You could just use the same subnet for all of your devices, but use VLANs to separate them, assuming your switches are VLAN aware.

If it was my network, I would just use the same subnet for all devices, and connect your two switches to the router. Your switches, and router switch store MAC address tables so they know where packets should be routed. I would not expect much traffic between your switches on the same subnet..that's why we use switches these days :)
 
I'm not sure the OP needs two WAN IPs. Based on his network description he just wants to prevent the video feeds from his cameras from clogging up his Internet/data flows. This can be accomplished by doing what I suggested if both LANs are at the same physical location. Data on LAN 1 switch, Video on LAN 2 switch.

Probably could get by with just a single switch if it had enough ports and the switch was gigabyte capable.
 
I need to connect a computer sitting in second LAN (192.168.2.X) to the Internet. My primary Network is using a Netgear Router R6300 (192.168.1.1). My ISP is COMCAST.

Thanks in advance


You need two VLANs on two different router ports to connect your switches to.

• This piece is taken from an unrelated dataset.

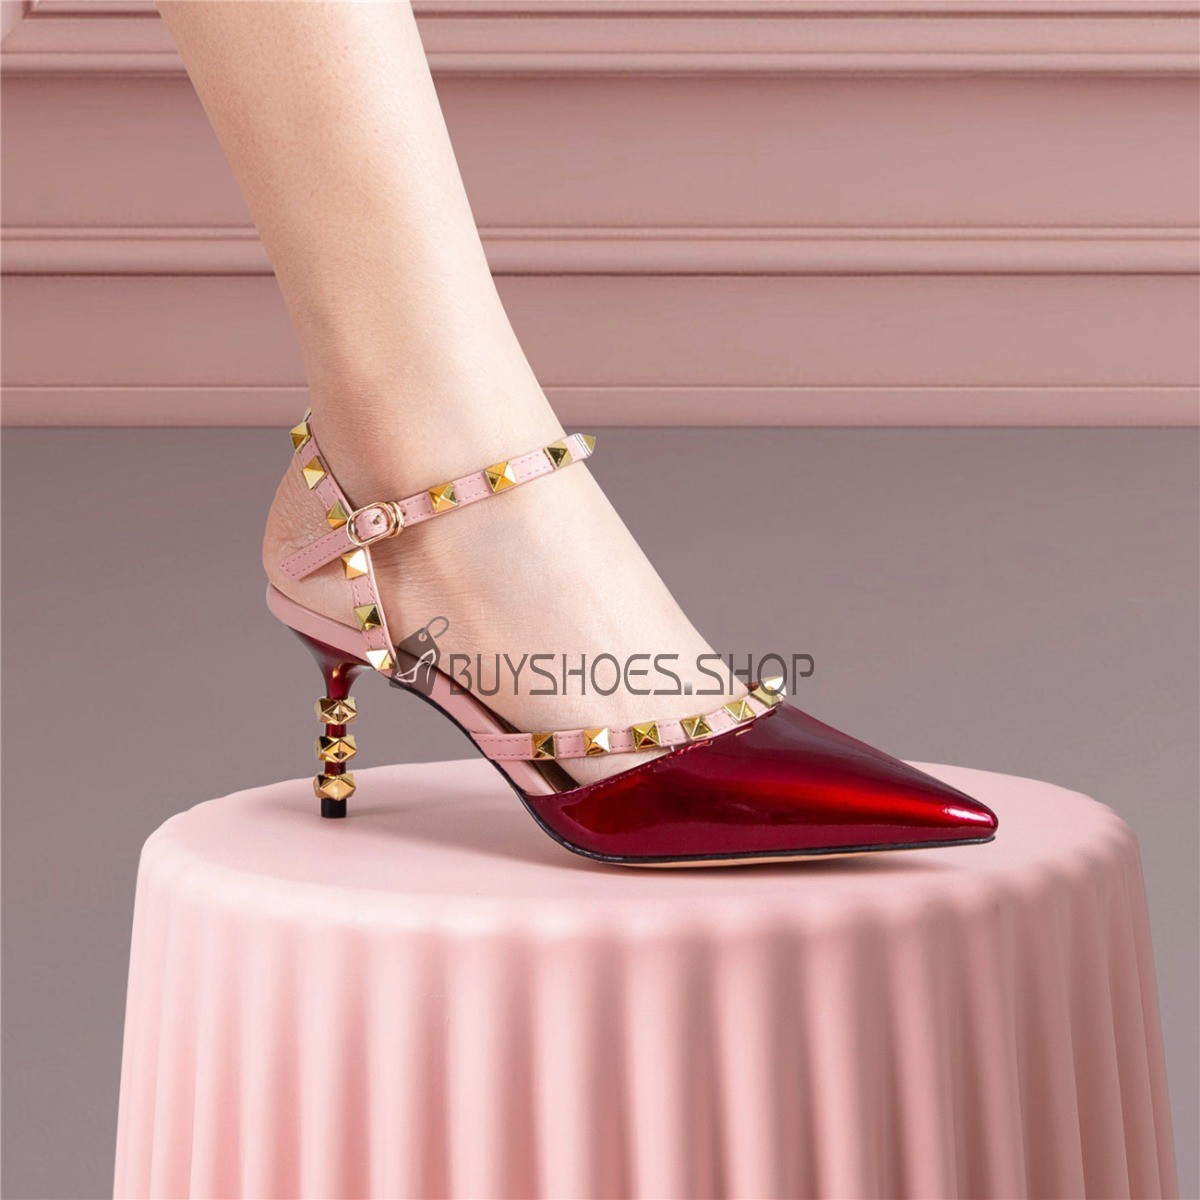 New Luxury High Heels Leather Sandal Suede Midheel 711cm Women Designer  Sandals High Heels Summer Sexy Sandals Size 3540 With B1328787 From Fgyo,  $76.47 | DHgate.Com

DD-WRT can do this, not sure if 6300 is supported by it though.
 
If he moves all devices to the same subnet, with VLAN, only one router port is required if configured correctly.

With two switches/subnets, Pfsense is the cost effective way to route the two ports if it is necessary to keep the subnets separate.

Depending on the OS running on the monitoring workstation or NVR recording box(if it's running 24-7) , you could also just add a cheap NIC and bridge the connections. So your NVR box becomes the default gateway on that subnet. http://windows.microsoft.com/en-us/windows/create-network-bridge#1TC=windows-7
 
VLANs are the way to go...or honestly, looking at it, just live together.

Unless there is ridiculous multicasting going on here, the IP cameras are only going to be clogging the specific routes that they are on, IE to that NVR. Just make sure whatever ports/hardware it is moving through isn't a shared resource.

However, even if all on the same switch, with no VLANs, unless there is multicasting going on...if IP camera 1 is on port 1 and the NVR is on port 2 of the switch, the only traffic will be from port 1 to port 2. Nothing else on the switch is going to be bogged down at all as none of the other ports are going to be used (again, unless multicasting, which if you are, you need a switch that handles multicasting properly to limit participant ports to only legitimate recipients).

VLANs can also do what you want by limiting the ports to access only the ports you want them too...but I don't really see the need here.